Мы думаем, что о Великой Отечественной войне мы знаем все. Или почти все. Знаем о чудовищных потерях, о непереносимой боли, о страданиях, страхах и лишениях. Об этом ведь столько уже написано! Но кто поверит, что у войны есть скрытая, тайная, мистическая сторона, о которой фронтовики либо вообще не рассказывают, либо – с большой неохотой. Будто опасаются, что их могут принять за сумасшедших или за отъявленных лгунов. Так что же там, в сгустке человеческих страстей, окутанных смертью, происходило? Было ли это плодом истерзанного войной замутненного сознания или же это – то самое, что мы с благоговейным ужасом и шепотом называем коротким словом «жуть»?
Зверь в доме
Вы, Сан Саныч, по молодости лет тех времен не помните, а я их застал студентом. Поздний ребенок, знаете, но это к делу отношения не имеет. В общем, в «оттепель», в конце пятидесятых, как-то вдруг, внезапно стало можно писать обо всем, что раньше в диалектический материализм никак не вписывалось. Припечатывалось «мистикой» и прочими малоприятными ярлыками. Именно тогда стали всерьез посылать экспедиции на поиски снежного человека, появилась масса статей и книг о телепатии, о «летающих тарелочках», об Атлантиде и прочем… Ну, вы сами знаете.

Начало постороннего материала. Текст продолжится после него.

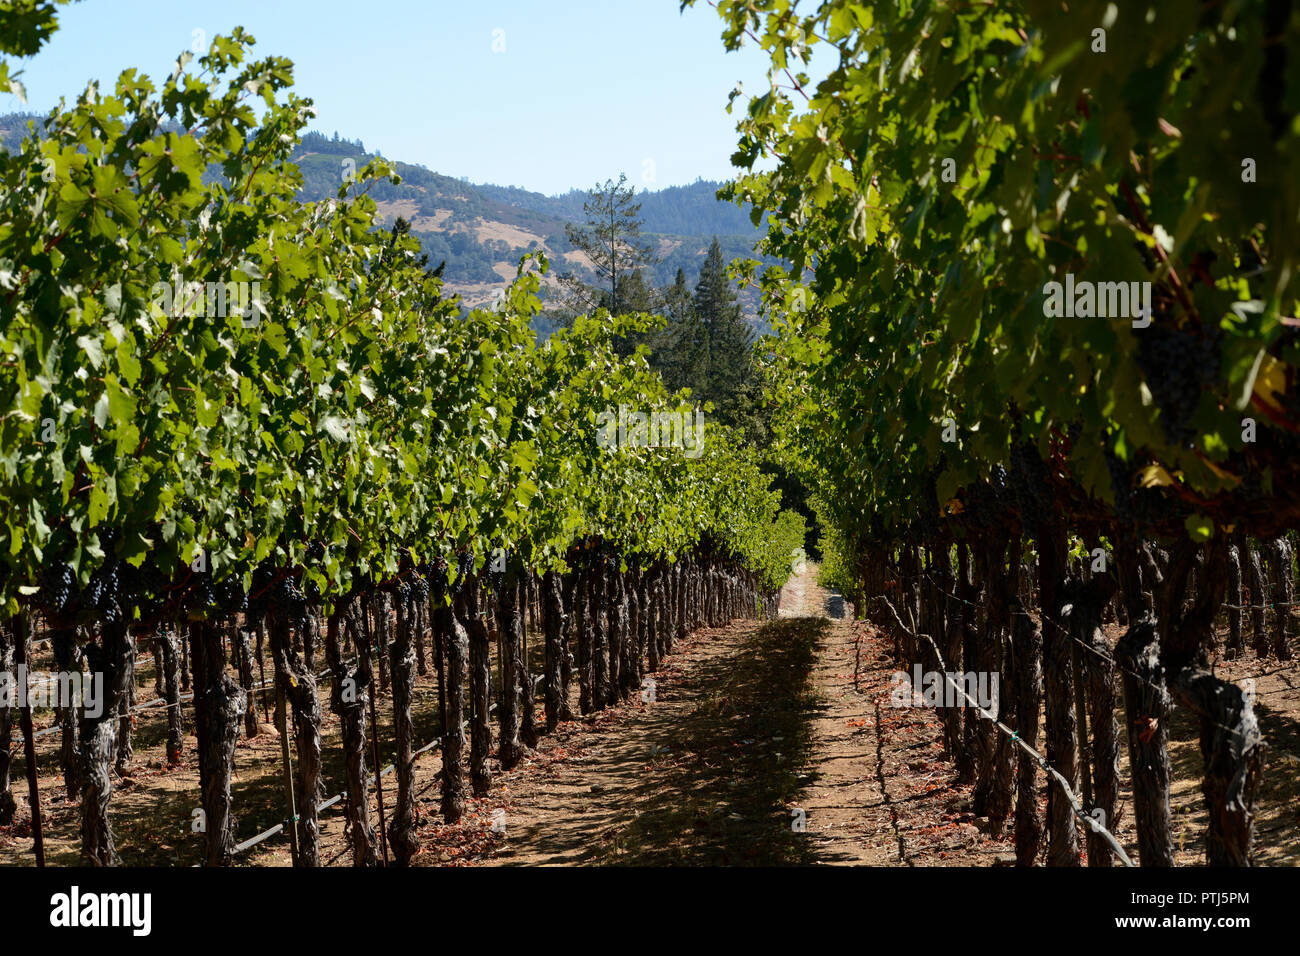 Grapes ready to be harvested at a winery in Napa Valley, California USA Stock Photo

Так вот. Было это где-то в конце пятьдесят девятого. Мы как раз получили новую квартиру на Васильевском, гораздо лучше старой, да и Васькин остров – это вам не Охта. Было застолье, конечно, довольно скромное. Отец всегда пил мало, скорее пригубливал, но в тот раз изрядно расслабился. Получилось так, что сидели мы с ним вдвоем, и разговор, не помню уж, каким образом, перескочил на те самые, как бы выразиться, чудеса и явления. Я ими интересовался со всем пылом, газетные вырезки собирал в папки, бегал на лекции и диспуты, мать иногда ворчала, что выходит во вред учебе… Отец с некоторых пор тоже как бы заинтересовался. Иногда брал читать папку-другую, читал старательно (он все делал старательно), но никогда со мной прочитанного не обсуждал, вообще не давал понять, как он ко всему этому относится. А вот теперь, подвыпивши, взял и рассказал. Передаю, как помню.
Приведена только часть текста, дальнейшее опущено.